From: Stefano Mazzocchi <stefanom_at_mit.edu>
Date: Thu, 21 Jul 2005 15:44:58 -0400

<background>
RT stands for "random thoughts". It's a long-time tradition that I
established in the Apache Cocoon community years ago and proved itself
to be a wonderful way to get input from people on how to do things.

It's a sort of 'brainstorming' mode where anybody is allowed to say
anything they want, including silly or funny things or blue-sky
suggestions, most of the time it ends up in nothing, a few times it
changes the shape of the project entirely. (yes, it happened at least 3
times for cocoon and several times in other projects).
</background>

Like mentioned before, Piggy Bank is a bitch to profile and while it's
the most clever hack of the decade (a cross-platform firefox plugin
written in java and with one click install!) [and I *can* say this
because it was David's idea, not mine!] still remains a hack, something
that not many are using.

Piggy Bank on a mac is painfully slow. My profiling indicates that
something between 20% and 30% of the time is spent on I/O only. I don't
know where the problem is. It could be the OS, the JVM, the calls
between the OS and the JVM, the calls between the Embedding Plugin and
the JVM (I suspect JNI might be part of the problem).

Another painful thing is the use of "complete RESTfull" approach for
URLs. While this is a very nice feature on paper, in real life 20% of
the time is spent on URL-encoding of the queries... and the rest is
spent even making I/O worse because lots of bytes are transferred thru
the localhost socket.

The third thing that is killing me is the lack of inferencing and I also
suspect some kind of sever bottlenecks in the sesame native store
implementation (again, has to do with I/O).

The forth thing that is really needed is a way to tune the view based on
data type. David and I spent a lot of time designing the 'one size fits
all' data view, but as others pointed out, this is just another way to
do what the original web site already does.... and most of the time, poorer.

- o -

So, here are possile solutions for the above issues:

1) decoupling PB from the browser

PROs:

- it would drastically reduce the memory consumption of the browser,
which is especially harmful since Firefox 1.0.x contains nasty memory
leaks associated with the tab browser.

- avoid the startup time when you fire up the browser (the startup time
is required, but if you pay it at OS login you don't notice it that much)

- the two programs are isolated, one can crash without influencing the
other

- we can think of other plugins that use "piggy-bank" as a local
service (for example thunderbird plugins that use PB to know which RSS
feed to subscribe, or that inject email in piggy-bank for facetted
browsing your email, or your pictures/calendar you name it)

- avoid the need for installing the java embedding plugin on a mac

- *might* help performance (not sure about that, needs more testing)

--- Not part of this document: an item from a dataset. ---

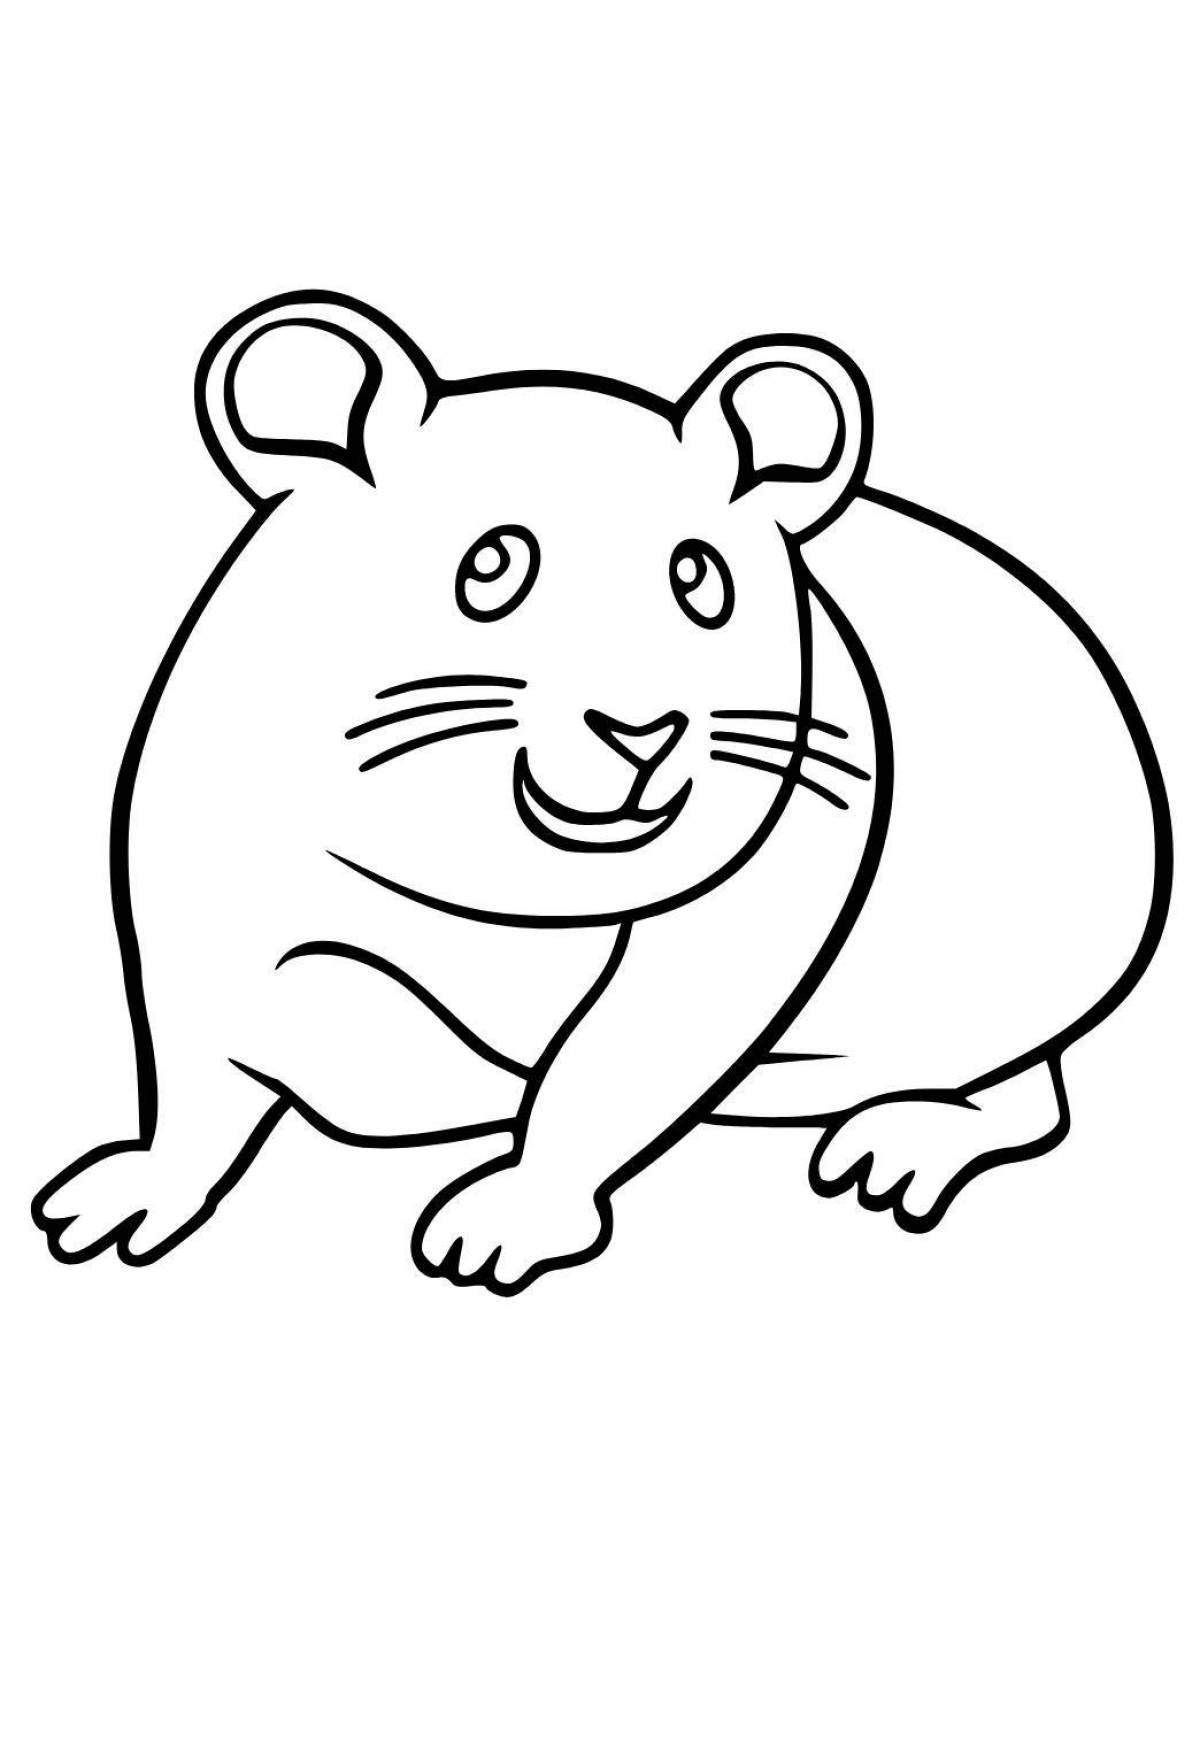 Coloring page plump hamster in a cage

- makes it a lot easier to write a cross-browser plugin

- could also work as transparent RDF-izing/caching proxy

CONs:

- installation becomes more painful (and more work for us since we have
to write different installers for different operating systems) some
people don't like to have services running (even if things like Google
Desktop work exactly like this).

2) find a compression scheme for the URLs.

PROs:

- makes the page a lot smaller (reduces I/O overhead)

- reduces the url-encoding overhead

CONs:

- the compressions scheme must be shared across instances or wouldn't
work for horizontal clustering (same problem with sessions, but there
are workarounds... like affiliations and all those tricks)

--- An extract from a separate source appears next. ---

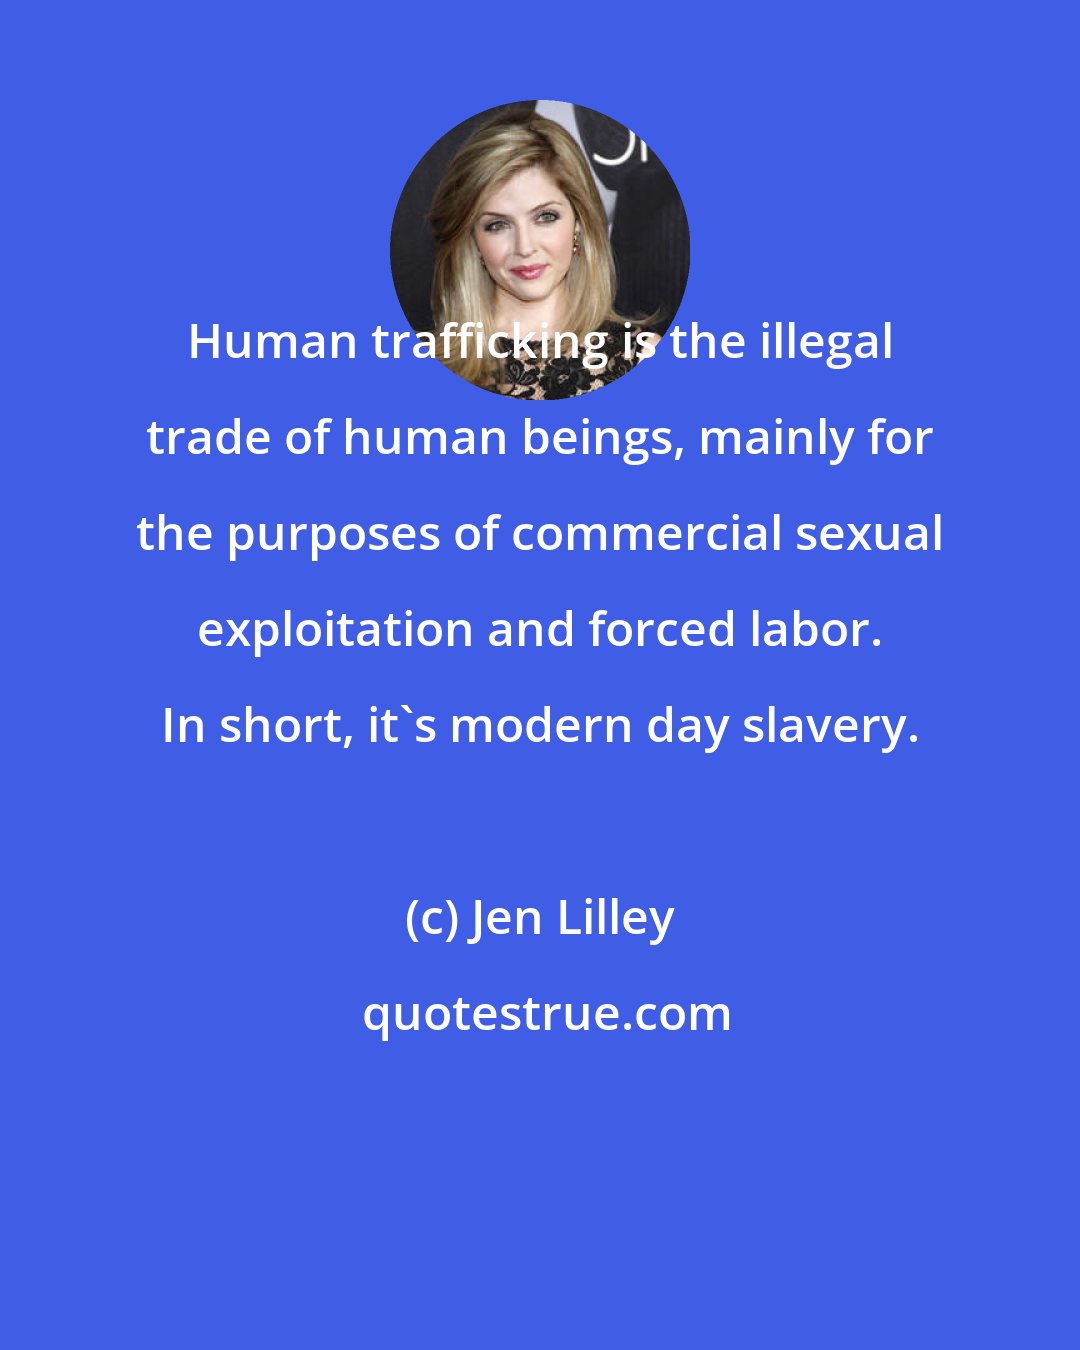 Jen Lilley: Human trafficking is the illegal trade of human beings, mainly for the purposes of commercial sexual exploitation and forced labor. In short, it's modern day slavery.

3) use the Sesame Memory store instead of the native one (which supports
RDFSchema entailment and hopefully OWL-tiny with some custom rules)

[Jeen, can you tell us more about that?]

PROs:

- we get basic inferencing on equivalences and subclassing

- it's considerably faster

CONs:

- memory consumption grows linearly with the amount of data stored (or
worse?)

- data is saved on disk *only* after regular shutdown. In case of
system collapse there is data loss. (Jeen, is there a workaround for
this problem? like saving the new RDF right away before returning)

4) integrating ryan's work on fresnel

PROs:

- data-driven views (way more useful)

CONs:

- reduced speed? (needs testing but complexity increases)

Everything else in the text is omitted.